EXERCISE INPUTS
────────────────────────────────────────

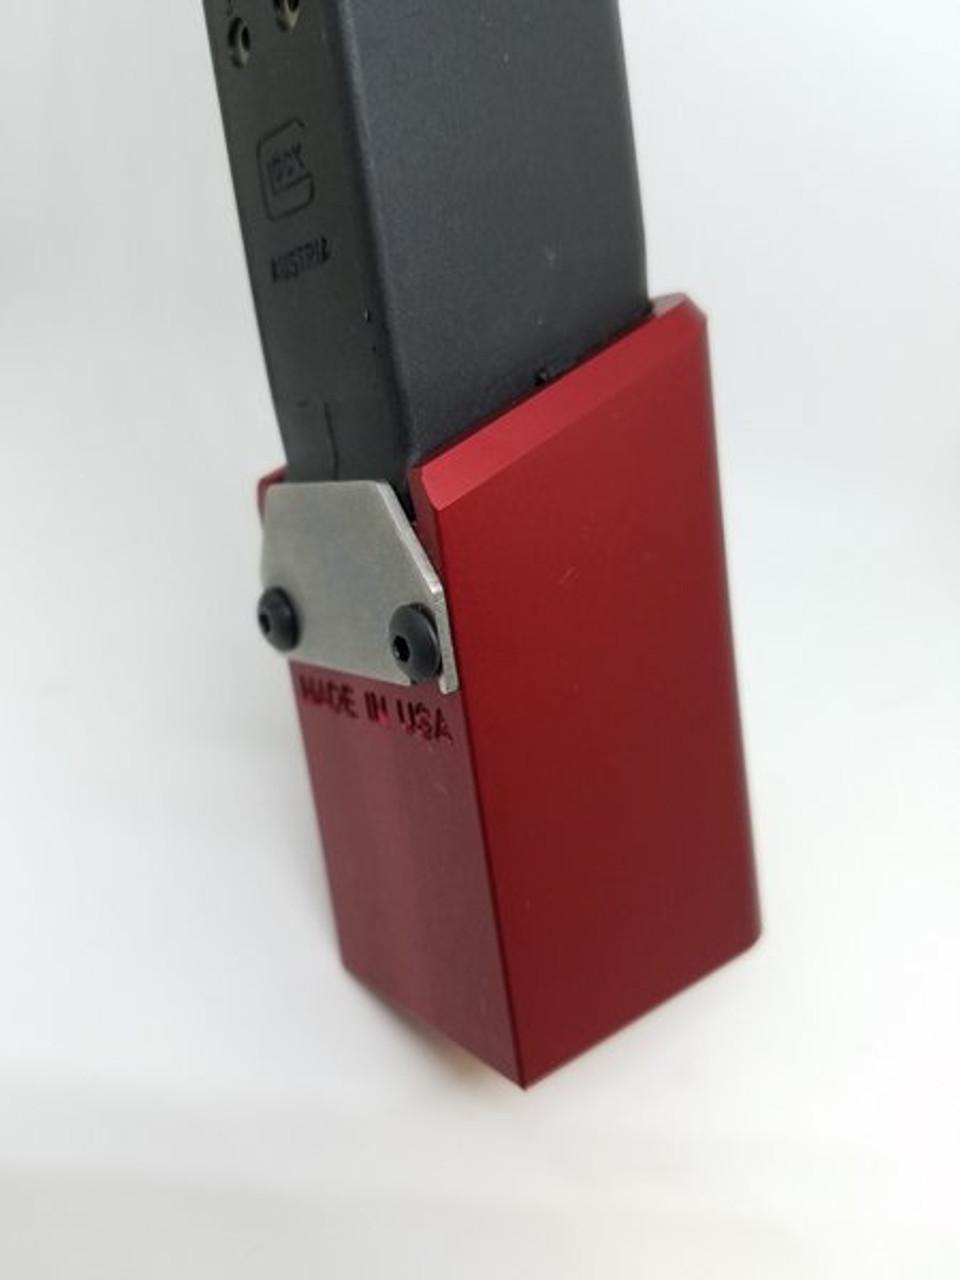 Glock 41 +1 - Red w/spring
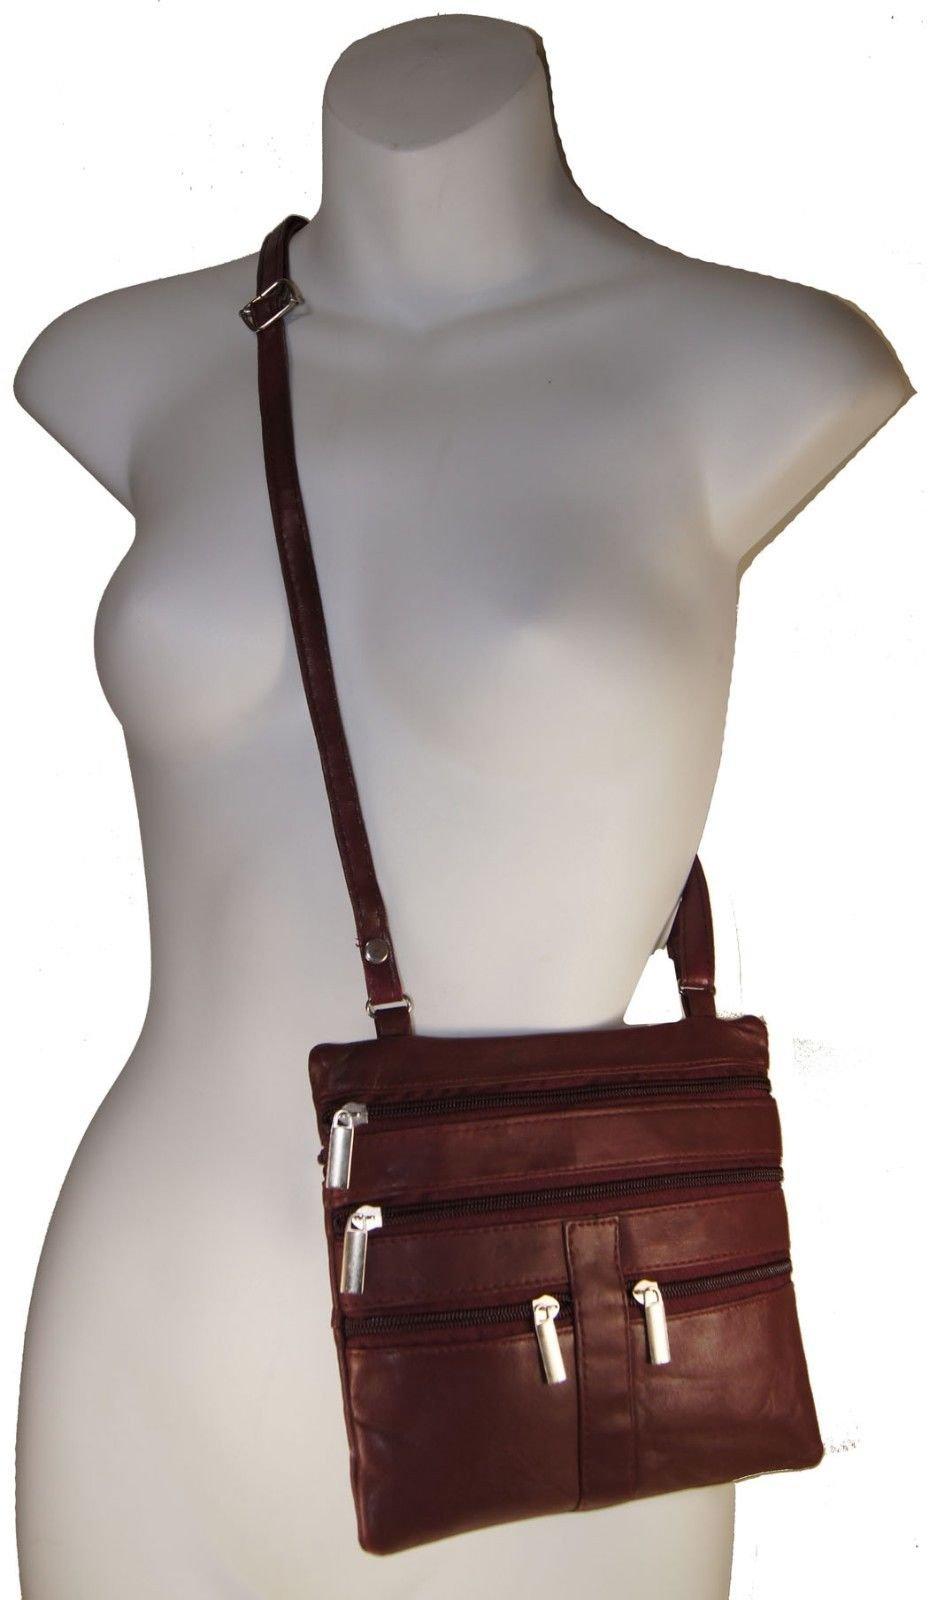 Cherry Ladies Genuine Leather Cross Body Bag Satchel Messenger Bag 48'' Strap
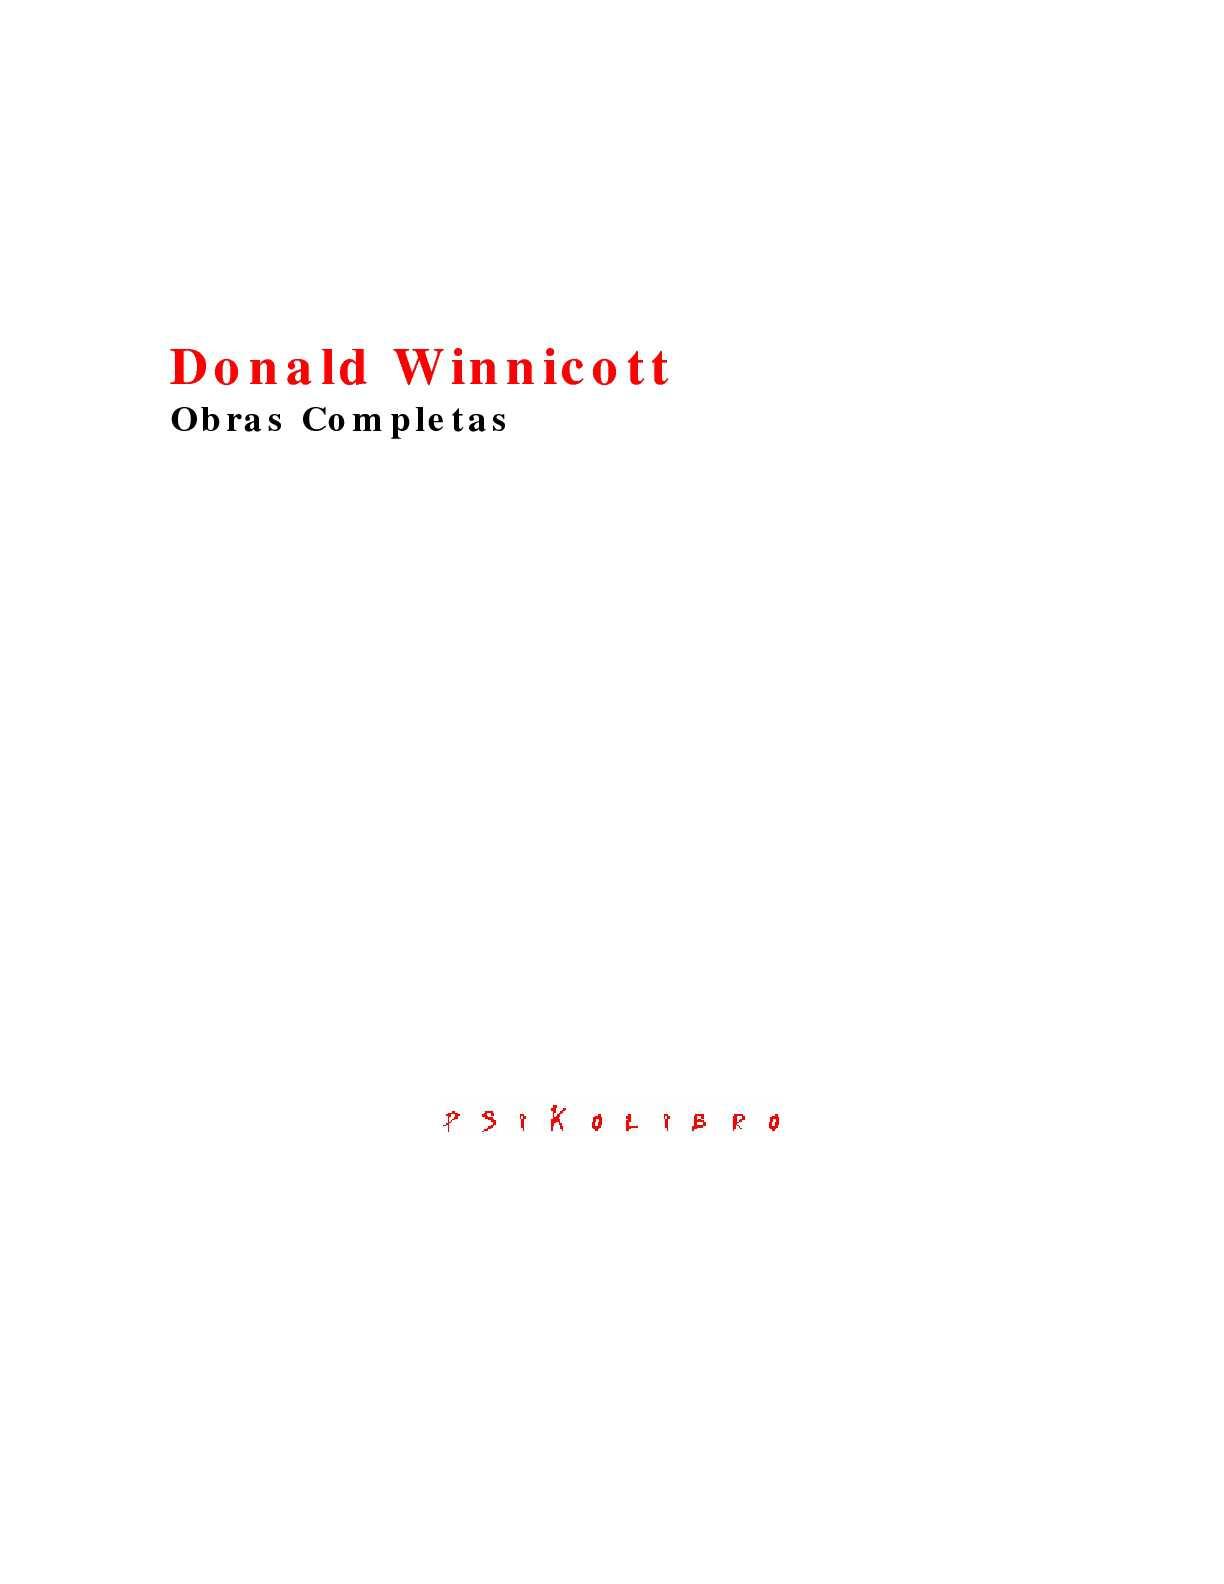 Calaméo - Donald Winnicott - Obras Completas
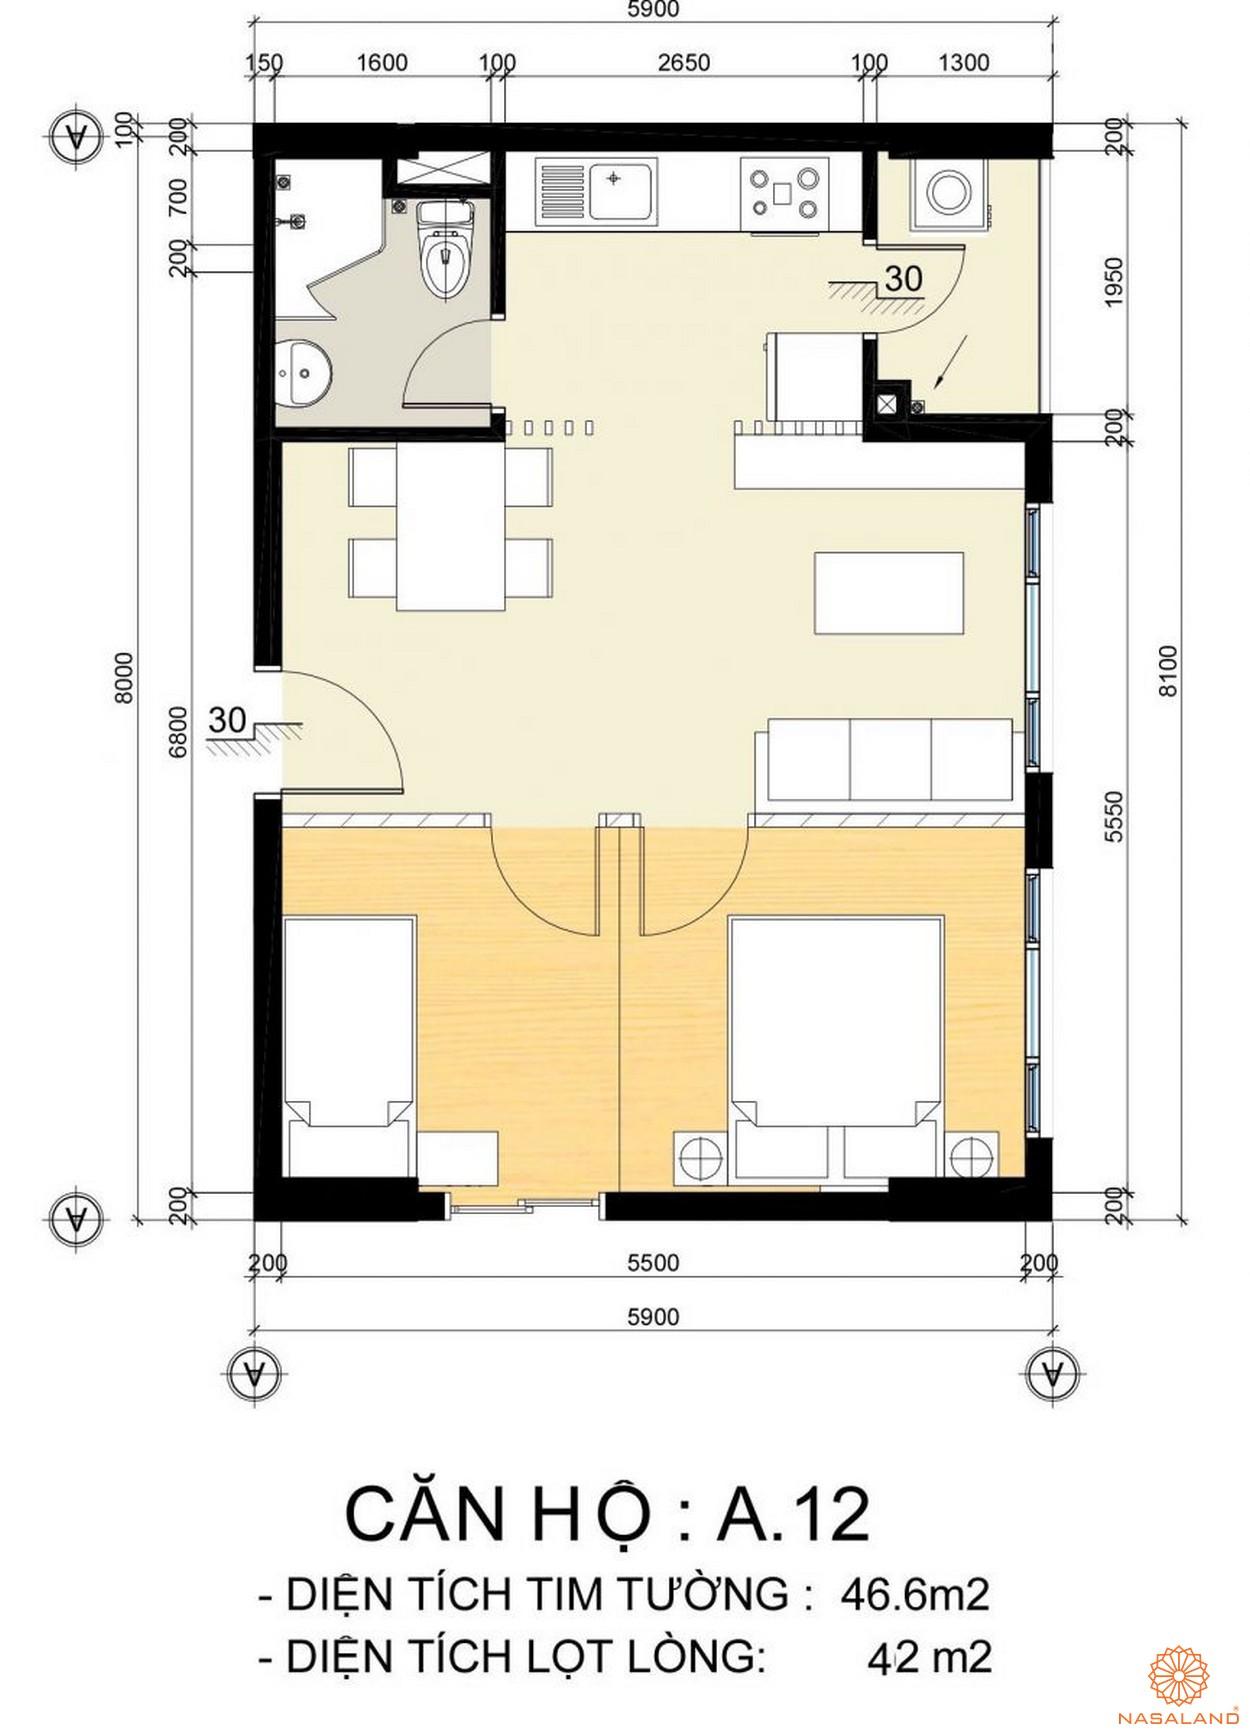 Mặt bằng căn hộ A.12
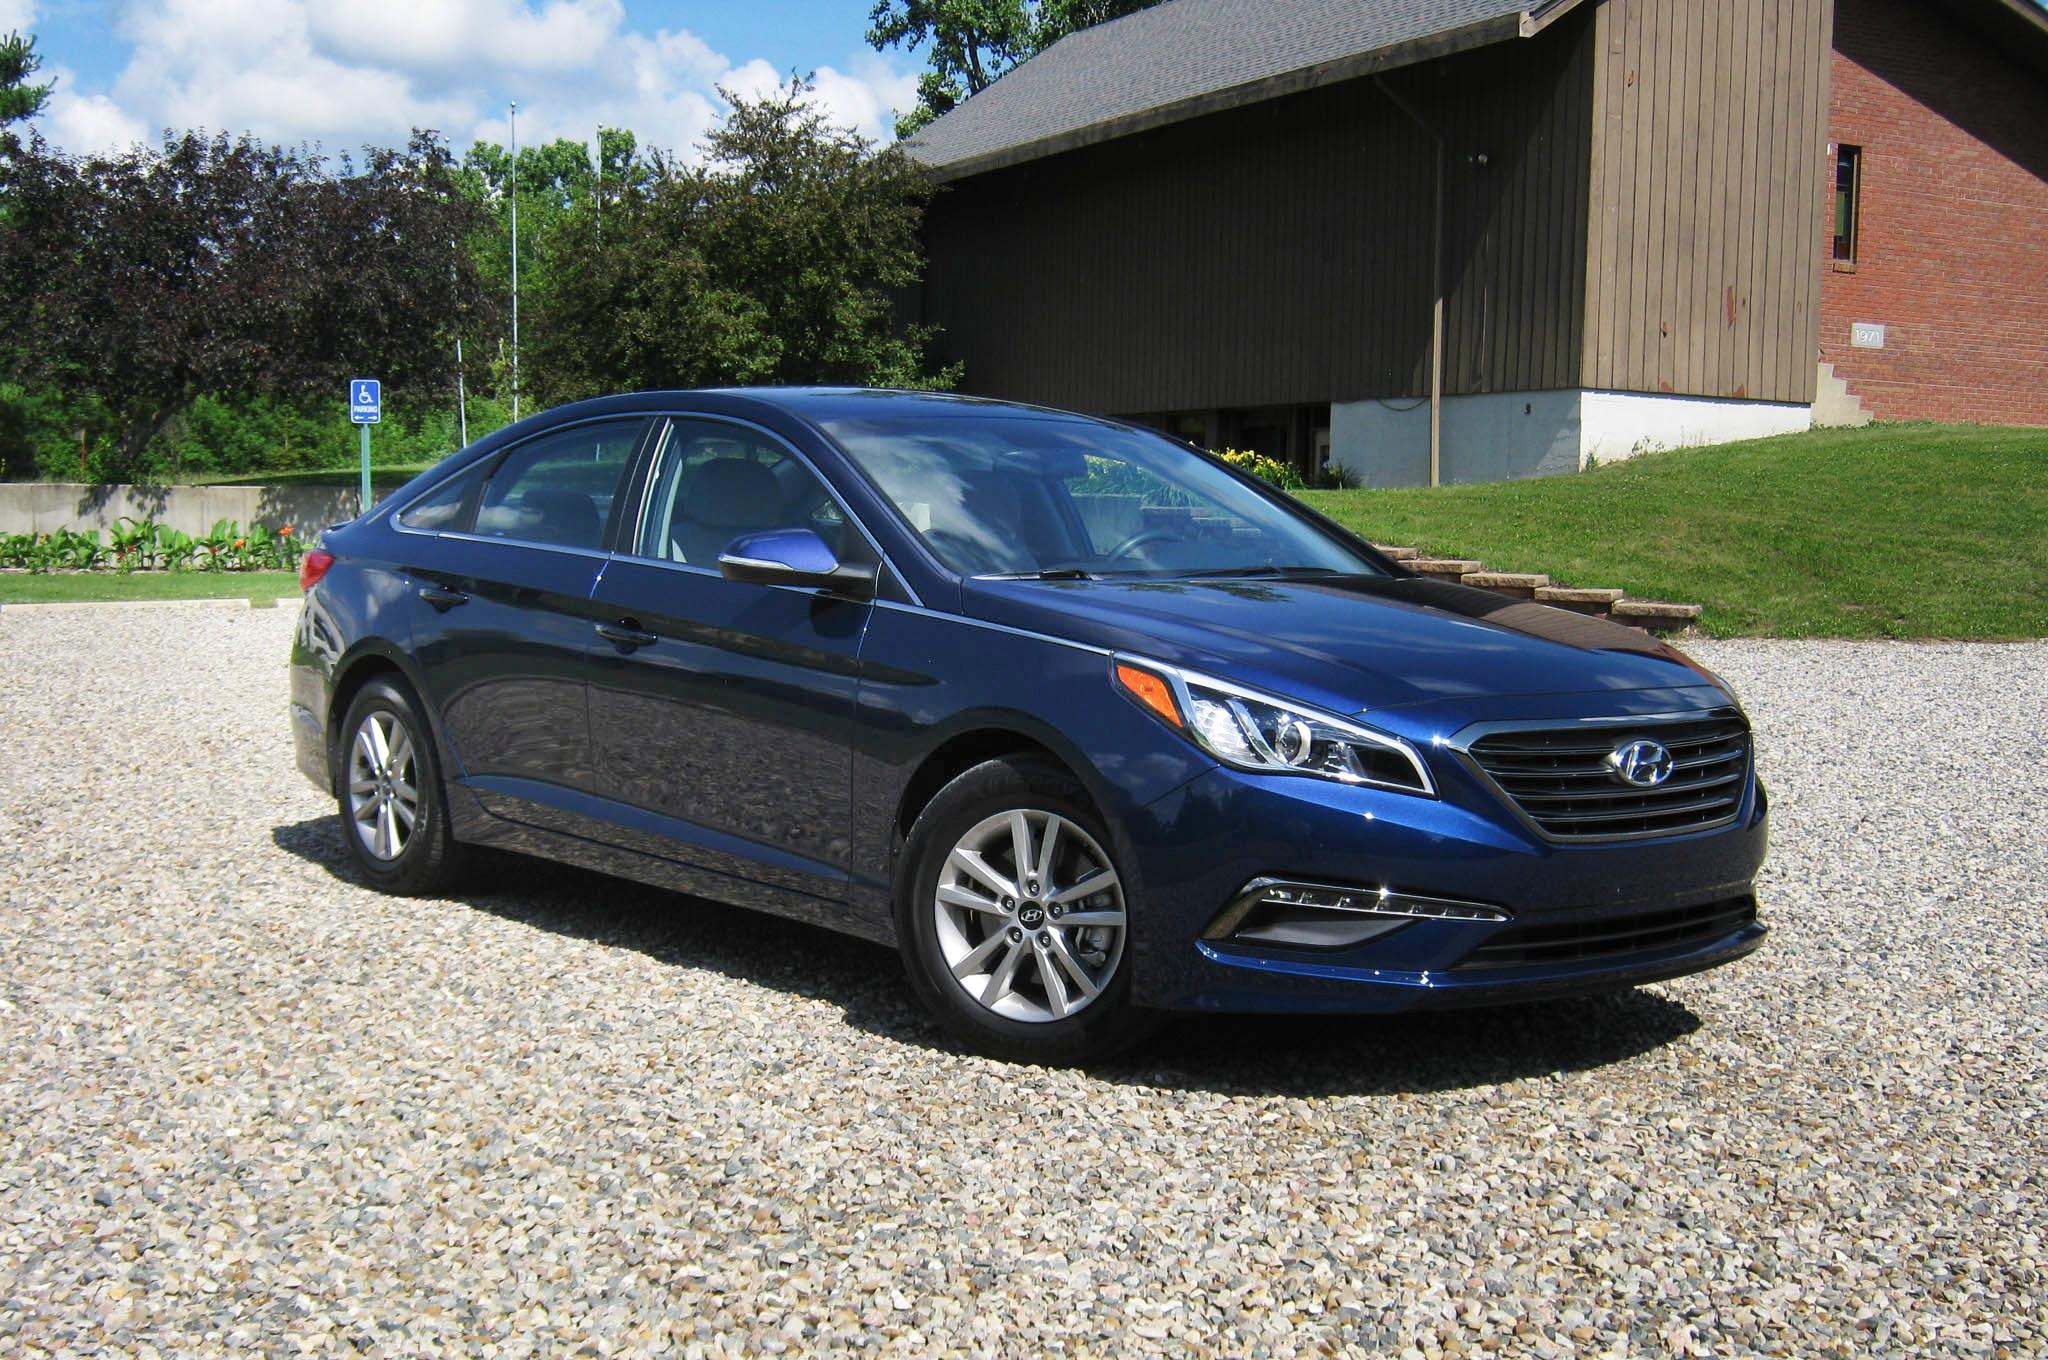 2015 Hyundai Sonata Eco Front Three Quarters 04

────────────────────────────────────────

TASK STATEMENT
An exact copy of all the entries is required, and it must contain no pictures.

ANSWER BELOW
 Glock 41 +1 - Red w/spring
 Cherry Ladies Genuine Leather Cross Body Bag Satchel Messenger Bag 48'' Strap
 Calaméo - Donald Winnicott - Obras Completas
 Mặt bằng căn hộ A.12
 2015 Hyundai Sonata Eco Front Three Quarters 04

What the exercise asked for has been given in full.